* [ACTIVITY]: Below is a listing; print exactly its lines from the one containing "P13: Mica Levi" down to the one containing "(C75) [Kawaraya Honpo", both inclusive, with every picture left out.

* [SOURCE INFORMATION]:
::::
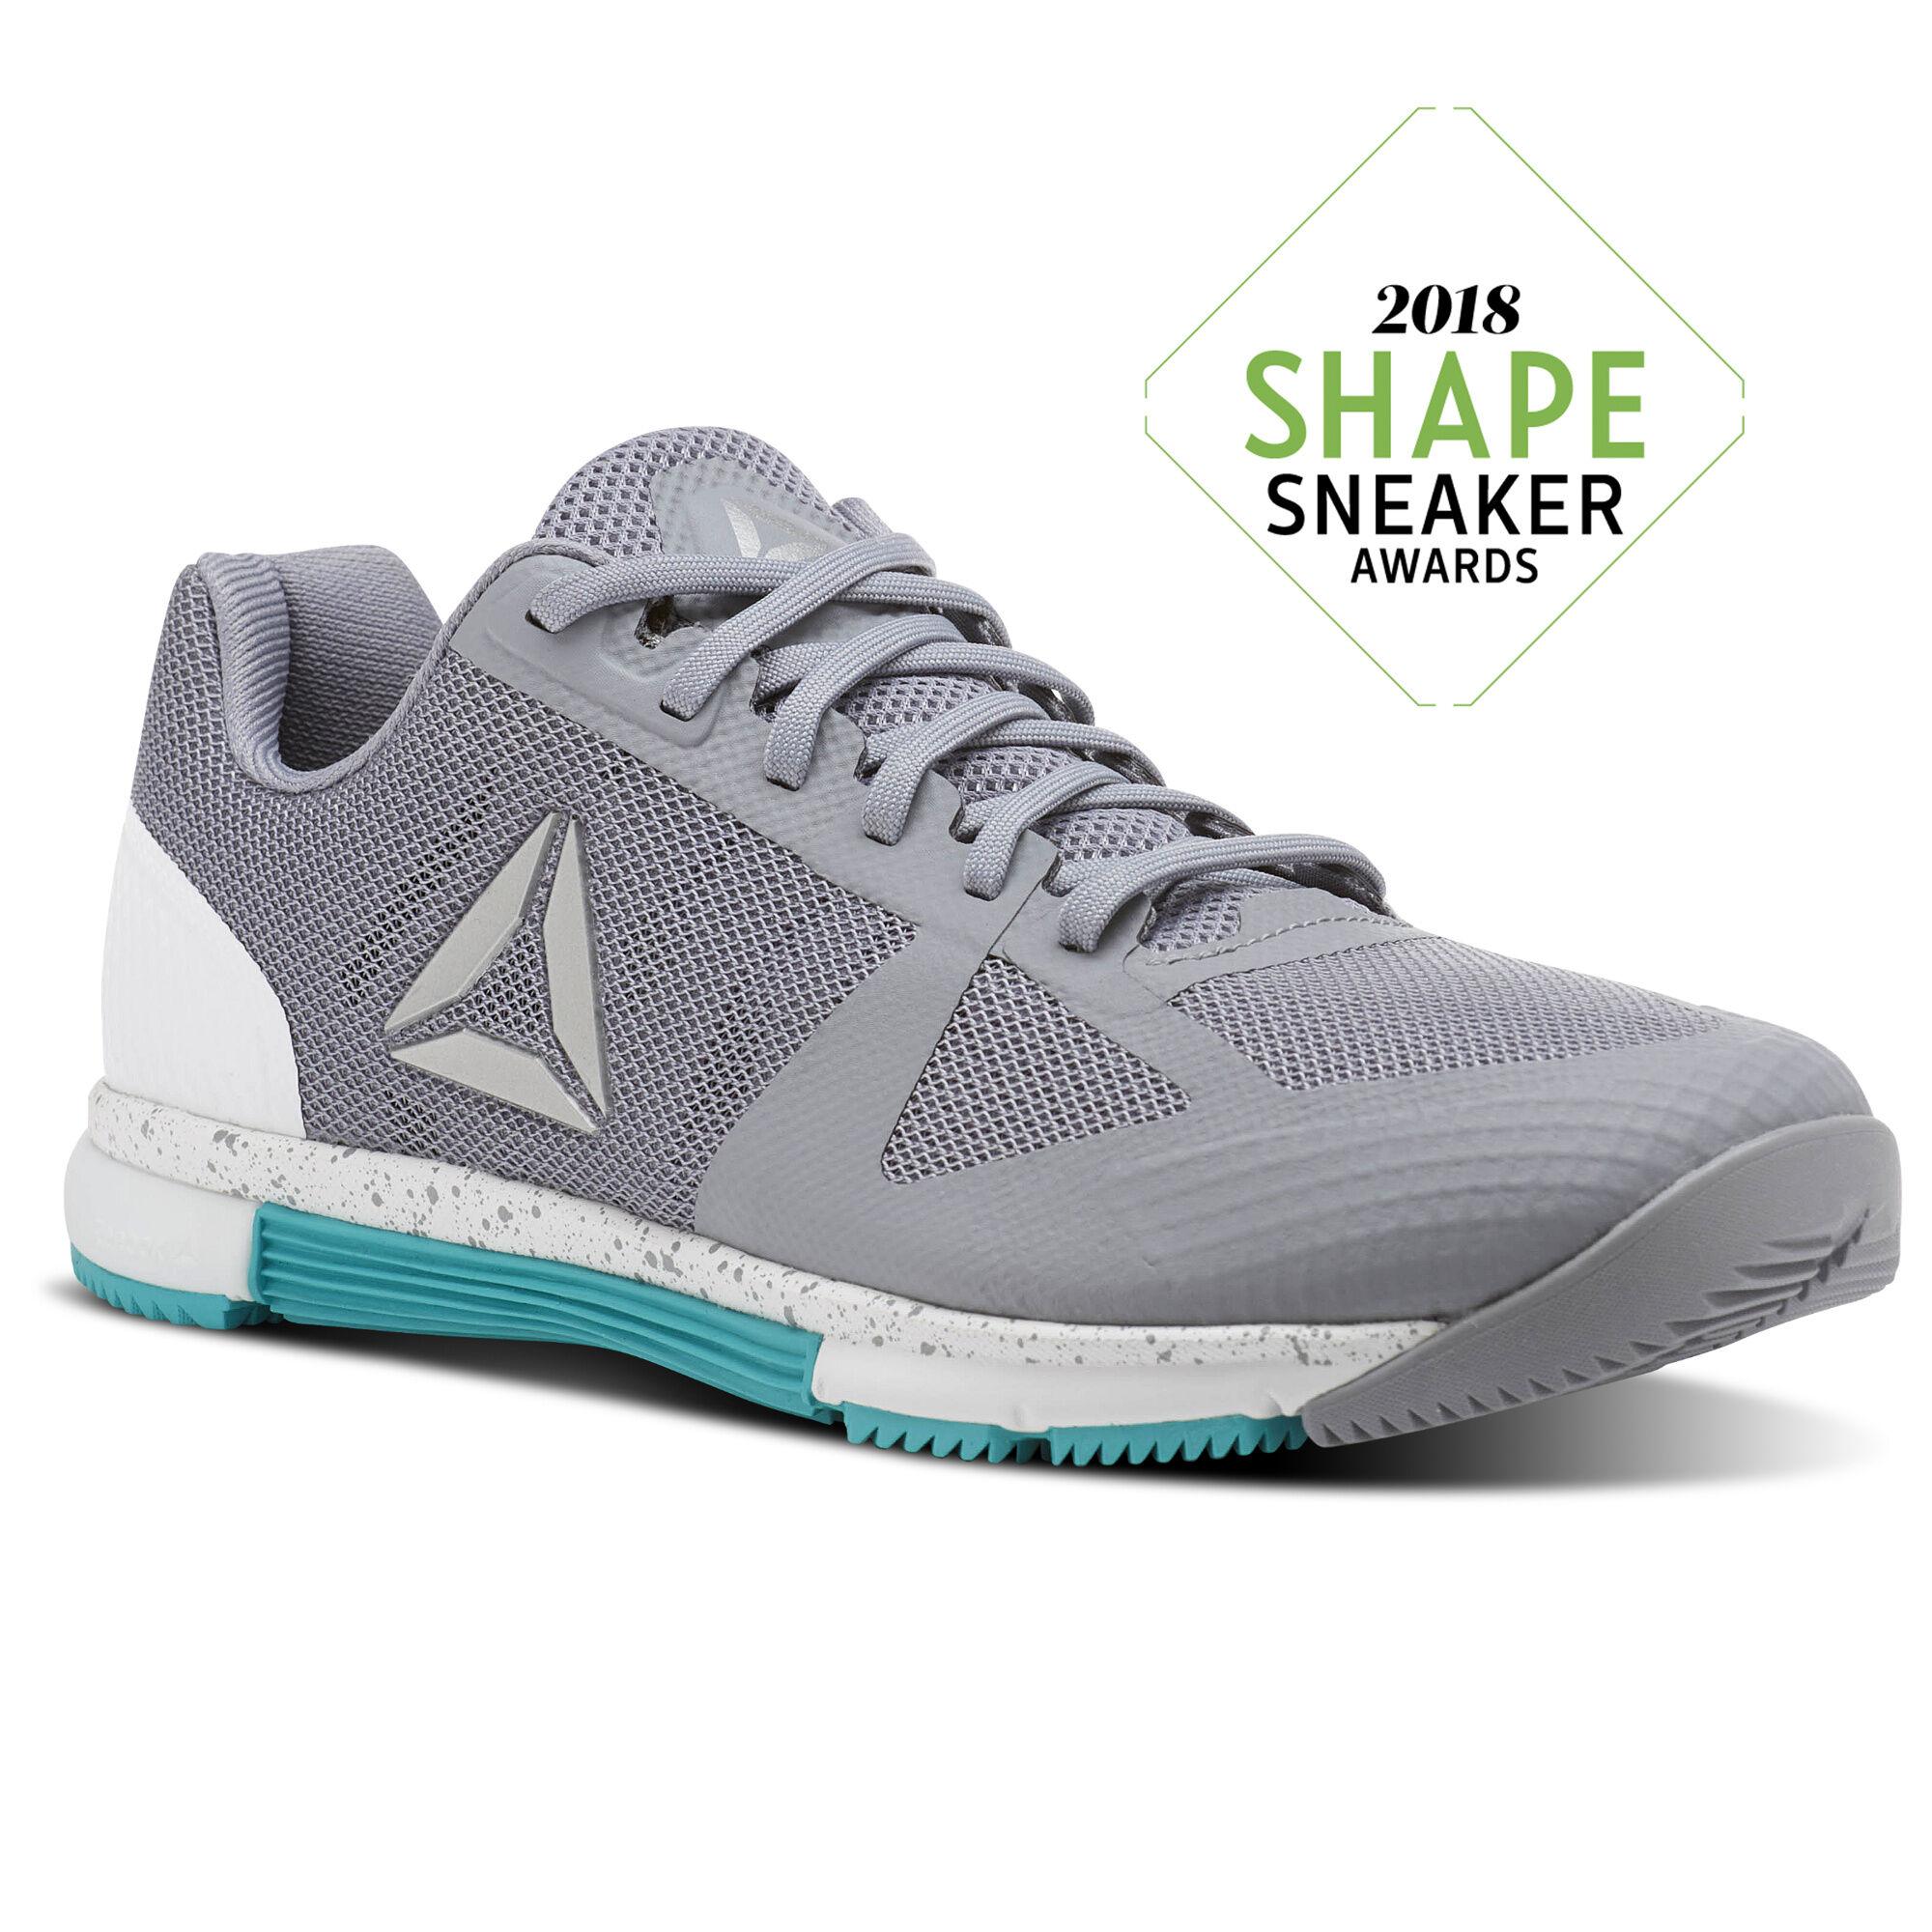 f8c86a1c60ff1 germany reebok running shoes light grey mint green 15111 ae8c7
::::
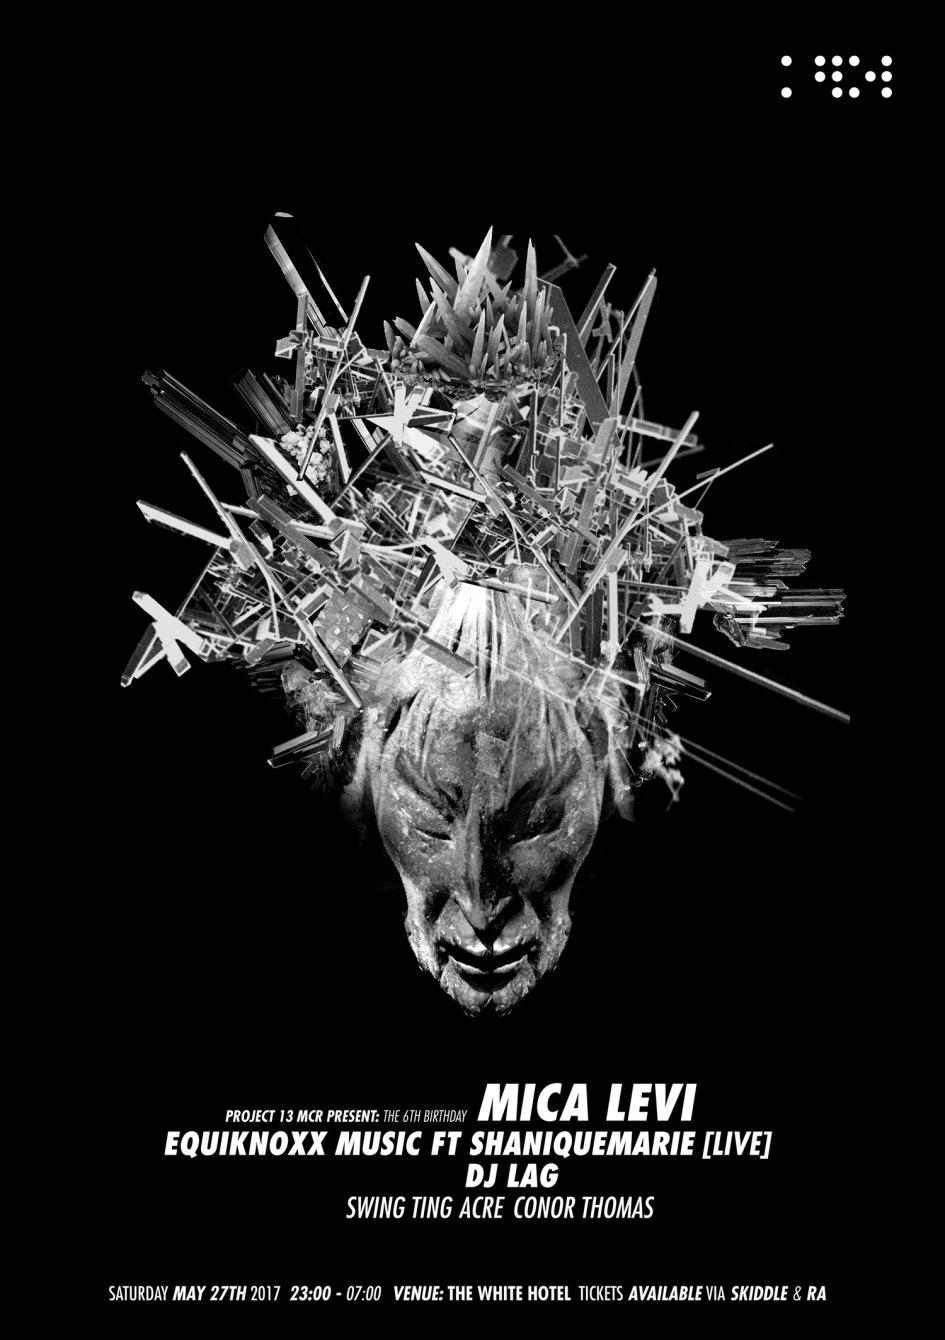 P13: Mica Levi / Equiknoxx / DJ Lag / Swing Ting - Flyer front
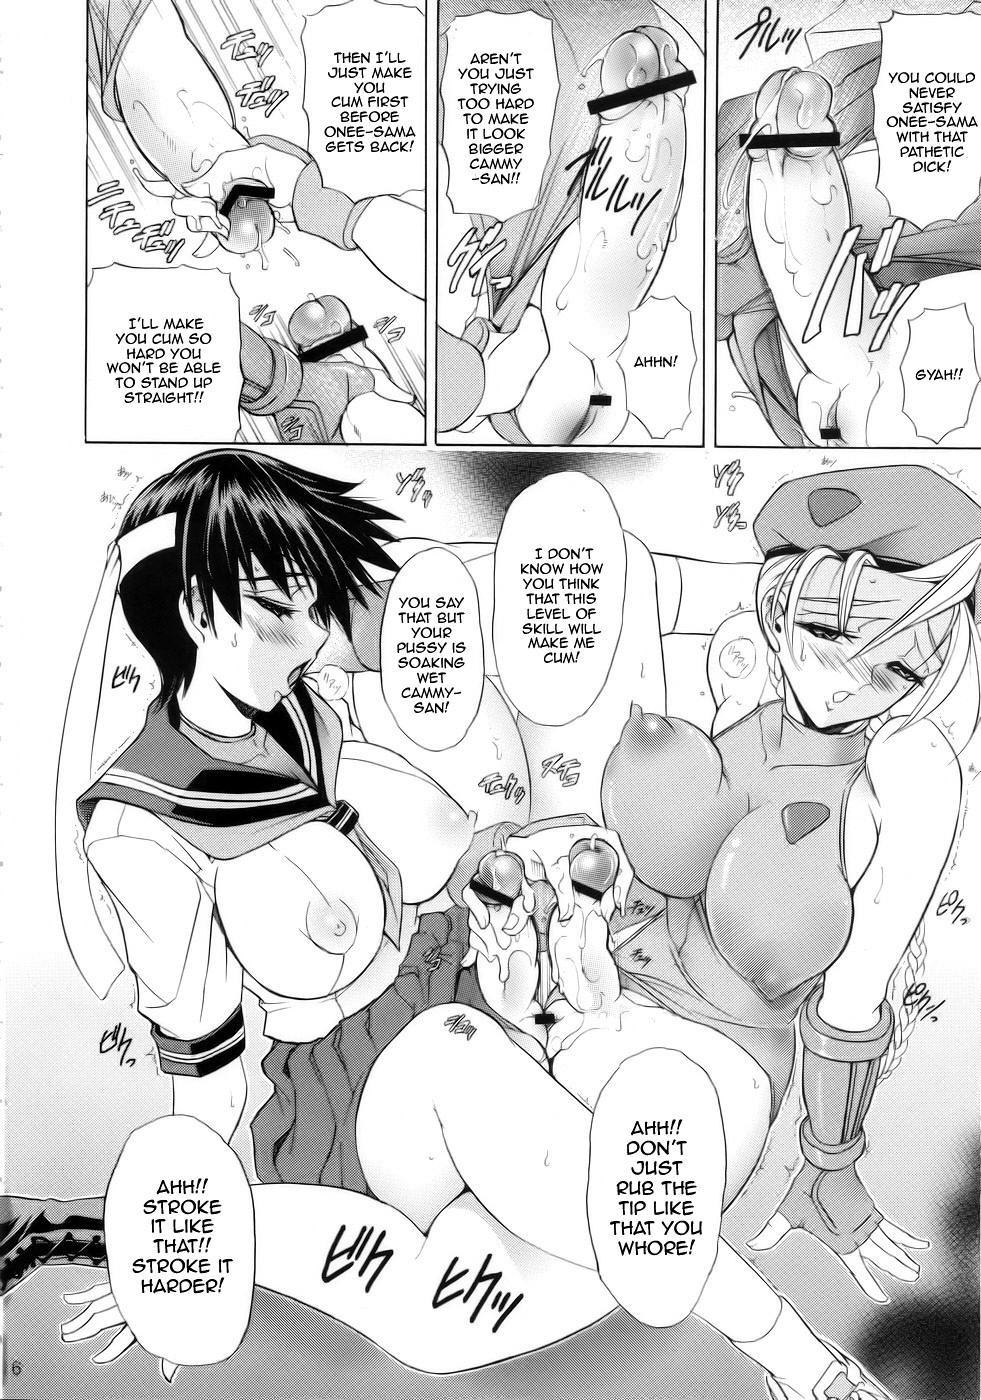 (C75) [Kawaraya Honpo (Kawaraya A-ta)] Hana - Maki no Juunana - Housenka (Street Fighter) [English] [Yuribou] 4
::::
* [RESULT OF THIS TASK]:
 P13: Mica Levi / Equiknoxx / DJ Lag / Swing Ting - Flyer front
 (C75) [Kawaraya Honpo (Kawaraya A-ta)] Hana - Maki no Juunana - Housenka (Street Fighter) [English] [Yuribou] 4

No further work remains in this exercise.